Balancing Specialization, Generalization, and Compression for Detection and Tracking
This work addresses the challenge of optimizing deep learning models for specific domains without overfitting or losing general capabilities, which is incremental in improving efficiency and performance in computer vision tasks.
The paper tackles the problem of specializing deep detectors and trackers for restricted settings while balancing accuracy, generalization, and compression, resulting in improved detection on VIRAT and CAVIAR datasets with unprecedented compression rates and enhanced tracking performance on the OTB2015 benchmark.

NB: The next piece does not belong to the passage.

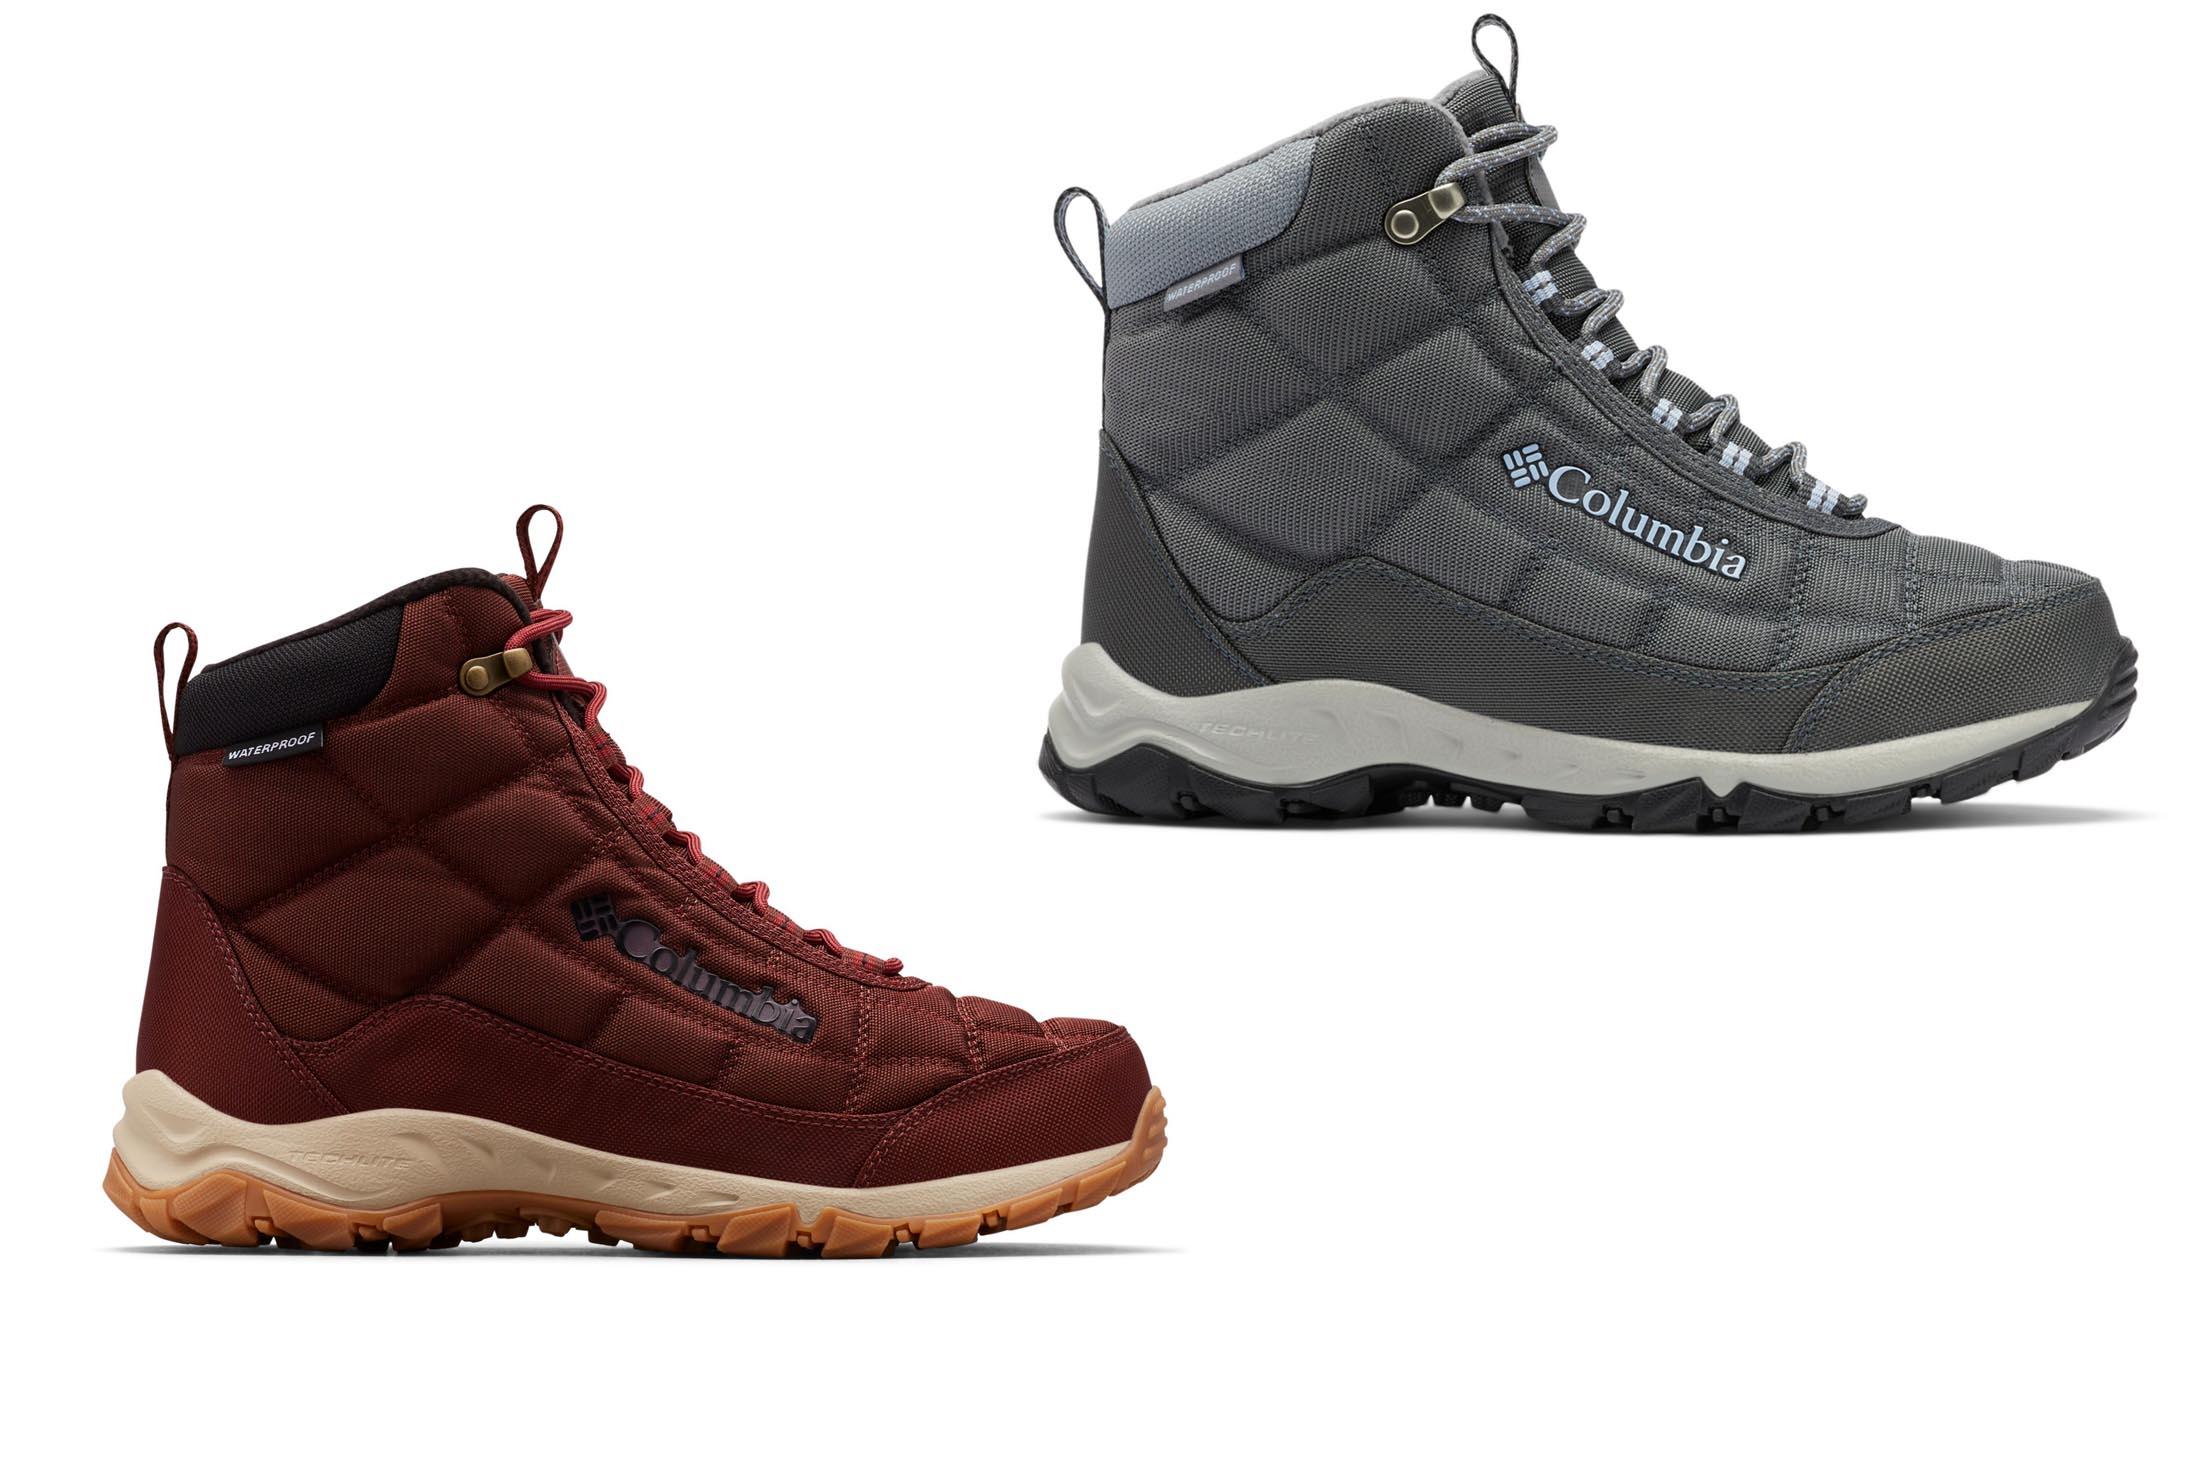 firecamp boots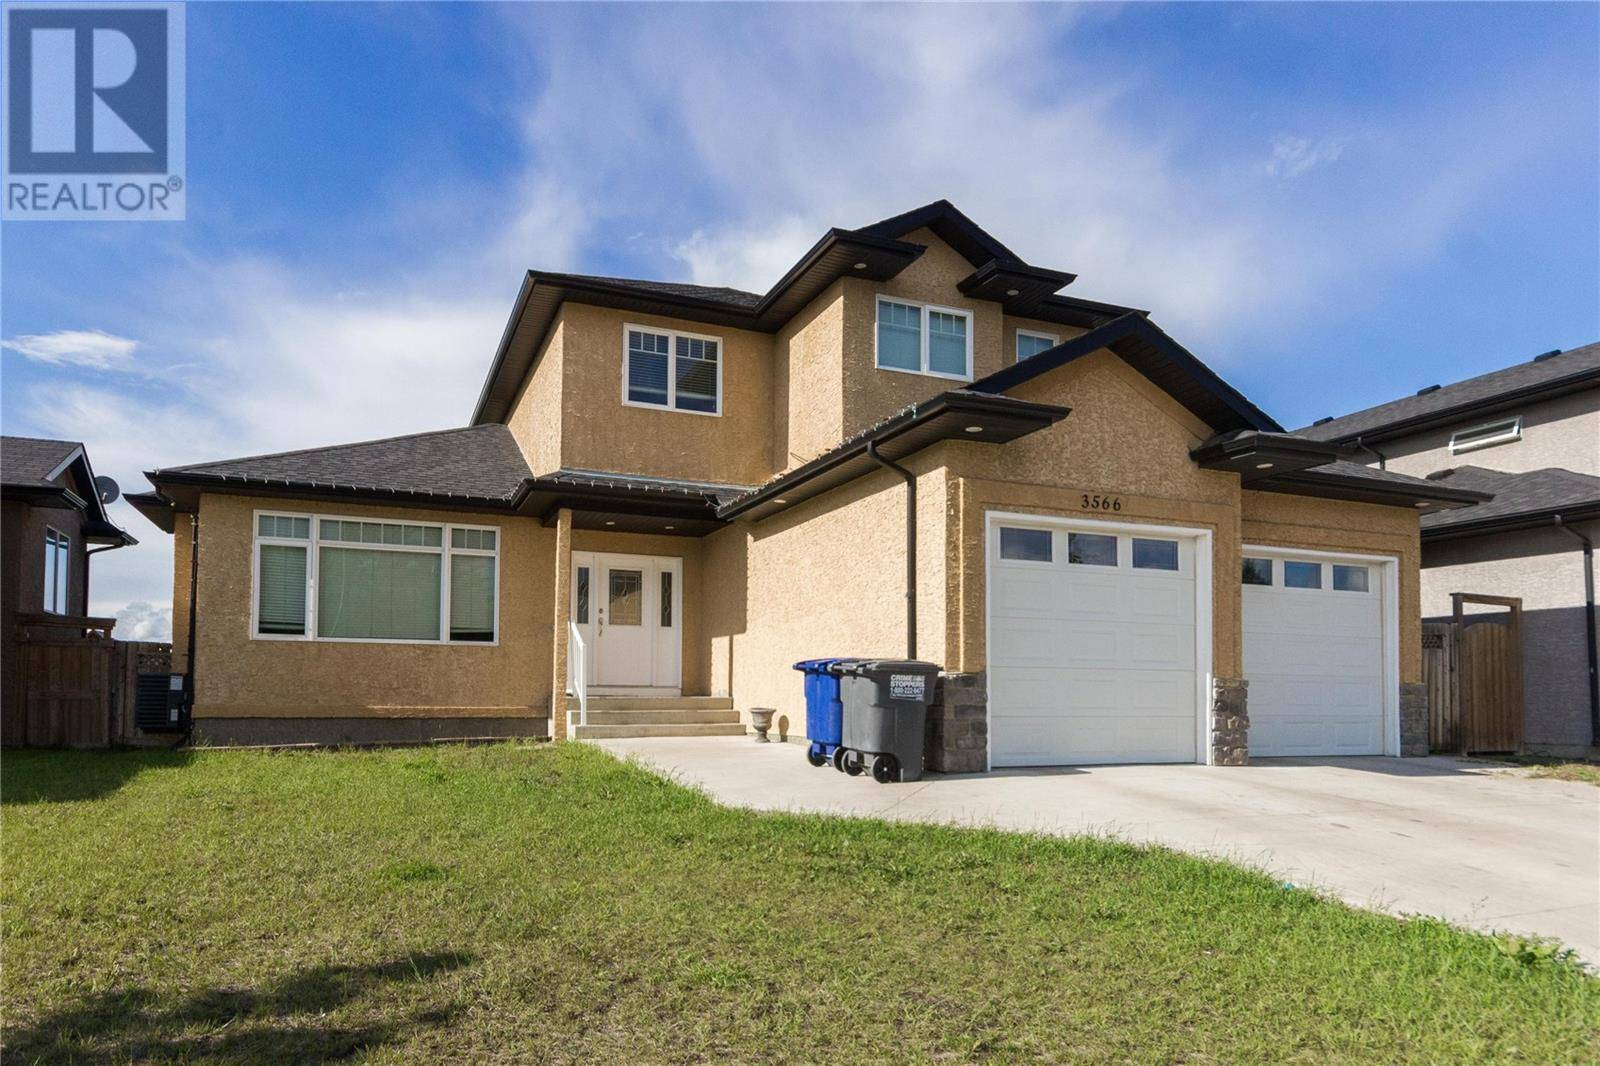 House for sale at 3566 37th St W Saskatoon Saskatchewan - MLS: SK777673

We propose a method for specializing deep detectors and trackers to restricted settings. Our approach is designed with the following goals in mind: (a) Improving accuracy in restricted domains; (b) preventing overfitting to new domains and forgetting of generalized capabilities; (c) aggressive model compression and acceleration. To this end, we propose a novel loss that balances compression and acceleration of a deep learning model vs. loss of generalization capabilities. We apply our method to the existing tracker and detector models. We report detection results on the VIRAT and CAVIAR data sets. These results show our method to offer unprecedented compression rates along with improved detection. We apply our loss for tracker compression at test time, as it processes each video. Our tests on the OTB2015 benchmark show that applying compression during test time actually improves tracking performance.